People that I find physically and mentally interesting are taken or I don’t know how to approach them.

I go out on a tinder date or maybe a guy approaches me and it’s like if a computer scan activates and in a couple of minutes I know if I’m interested or not based on how he writes/talks, overall appearance and interests. I can’t get rid of these filters and my brain tells me, why are you even bothering going on a second date? You know you’re not gonna like it. And I’m telling to myself that I have to try and stop judging so much after 1 date but unfortunately I’m always right and I have to find that speech were I tell them it’s not you, it’s me.

I have this pre-set idea that the guy has to be somehow smarter than me or someone that can stimulate my intelect but when I find someone like that, it doesn’t attract me physically and all I want to do is talk and I feel that it’s not right, especially for the guy. If it attracts me physically, I feel like I don’t have many things to talk about. I don’t want to keep putting them into friend zone.

I don’t know if I’m superficial, if I have unrealistic expectations (I have been in realtionships with guys that were both smart and handsome), if I’m focusing too much in finding a meaning in every interaction or what’s my problem but I don’t know what to do. I don’t think I’m better than others, I don’t think that someone needs to fight for me or my attention but I just can’t have the patience to go for more than max 2 dates because my brain it’s telling me that so far I didn’t met anyone for me. I’ve been avoiding men for so long that now I think even if someone right appears, I will run away because I wouldn’t know what to do.

4 comments
  1. Idk that’s why I’ve never done the tinder dating thing. It just feels too forced. I avoided the online thing and waited for a couple of years until I found someone in person that clicked and I’ve been with that person for over 4 years now. There’s just a different magic to relationships when it all happens naturally

  2. Is normal.

    You into good looking and smart guys.

    The reason why you dont get those that easily is….

    They rare.

  3. If you are well educated and also very attractive, it’s going to be hard in general to find others who are as attractive and smart as you are, no matter if you are looking for guys or girls. Even moreso if you are are looking for a guy who is smarter than you. You are by default looking for a top ~10% guy, depending on how attractive and smart you are. It’s not necessarily a bad thing, It’s just expected that you will not be attracted to 90% of guys who will proposition you, and if you have a good enough inkling to know which guys you would be into for the long haul and which are not then your computer scan is a good thing to not waste time. I would suggest though, that you dont simply look at people as being smart/not smart or attractive/unattractive. Try to get to really know someone in a good faith attempt when you are in dates, people are often smart in different ways and it might take a while to show.

  4. May I ask you what you define as smart or intellectual? Is it just a degree or more? The reason I ask this is because I myself and some of my friends have this problem in being ignored in dating because of it.
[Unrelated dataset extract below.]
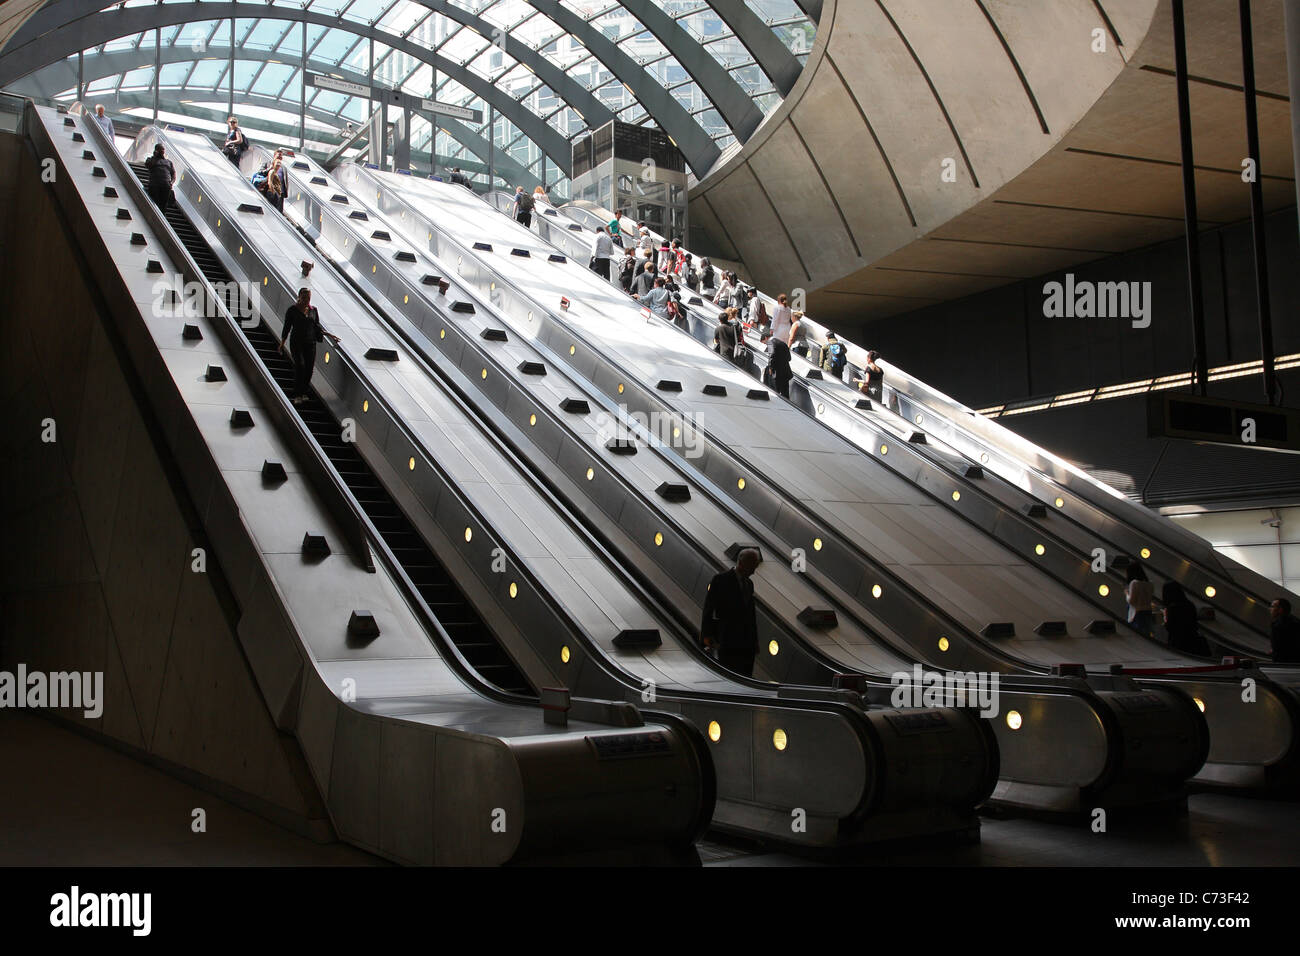 À l'escalier mécanique de la station de métro Canary Wharf. Banque D'Images

Not very high educated. But smart through our experiences in life, job, and practicality. One of my friends can pick apart pretty much any machine, understand how it works, and put it back together. Something I consider pretty smart because few people nowadays can do so. But still he is a mechanic without much other education. Other life experiences aswell. Would you consider this smart and be open to dating such a person? I would like to understand this topic more.